Execute the benchmark against your Canopy backend and stream logs. This might take ~2 minutes #PleaseHold

In [None]:
import shutil, subprocess, sys, os

print(f"🚀 Starting canopy {endpoint} endpoint benchmark with native support...\n")
print(f"Target: {target}")
print(f"Endpoint: {endpoint}")
print(f"Model: {model} (enables native Canopy support)")
print(f"Duration: {max_seconds}s\n")

if shutil.which("guidellm") is None:
    print("⚠️  guidellm command not found in PATH, trying python module...")
    cmd_prefix = ["python", "-m", "guidellm"]
else:
    cmd_prefix = ["guidellm"]

# Run guidellm directly - no wrapper needed with native support
process = subprocess.Popen([
    *cmd_prefix, "benchmark"
] + cmd_list[2:], stdout=subprocess.PIPE, stderr=subprocess.STDOUT, text=True)
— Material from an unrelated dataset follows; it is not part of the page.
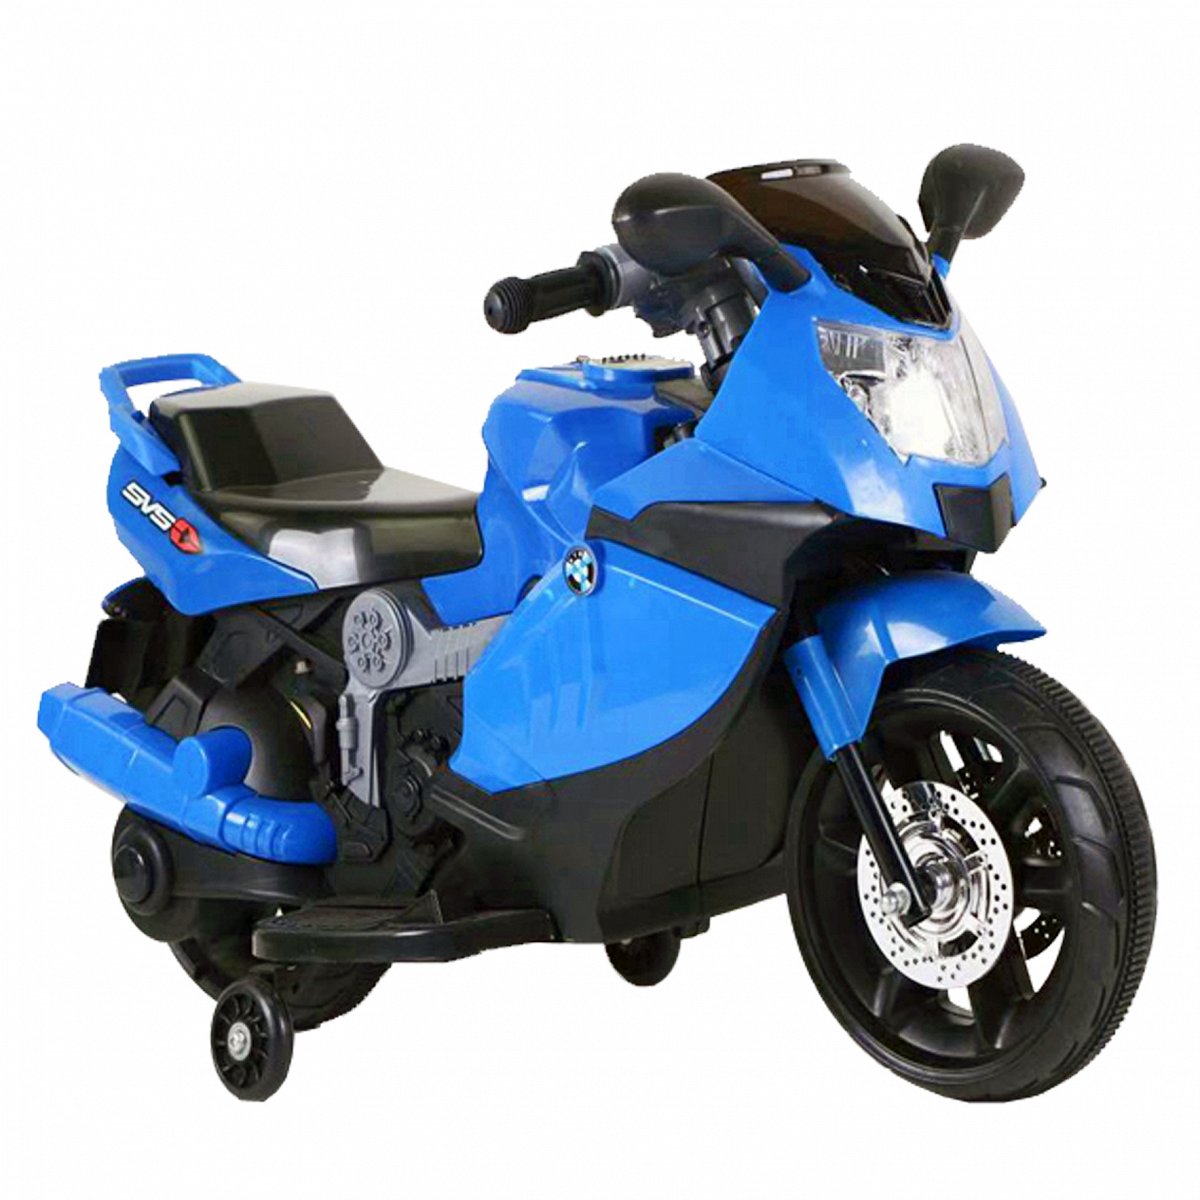 Motocicleta electrica copii C-Toys cu acumulator, muzica, roti detasabile si lumini, culoare albastru, reducere mare

for line in process.stdout:
    sys.stdout.write(line)
ret = process.wait()

print(f"\n✅ Benchmark completed. Exit code: {ret}")
if ret != 0:
    print("❌ Non-zero exit code. Review the logs above.")
    print("   Common issues:")
    print("   - Canopy service not accessible")
    print("   - Endpoint feature not enabled") 
    print("   - Network connectivity issues")
    print("   - Model name doesn't start with 'canopy_'")
else:
    print(f"📊 Results saved to: {output_path}")

## Inspect Results 📝

The results are quite long, but here is a small summary of them.

In [None]:
from pathlib import Path

p = Path(output_path)
if p.exists():
    print(f"📋 Results: {p.resolve()}")
    print(f"📊 Benchmarked: Canopy {endpoint} endpoint (native support)")
    print(f"🎯 Target: {target}")
    print(f"⏱️  Duration: {max_seconds}s\n")
    
    try:
        print("--- First 200 lines ---\n")
        with p.open("r", encoding="utf-8", errors="replace") as f:
            for i, line in enumerate(f):
                if i >= 200:
                    print("... (truncated)")
                    break
                print(line.rstrip("\n"))
    except Exception as e:
        print(f"Preview error: {e}")
else:
    print(f"❌ Results not found: {p}")
    print("   Check the benchmark command and logs above.")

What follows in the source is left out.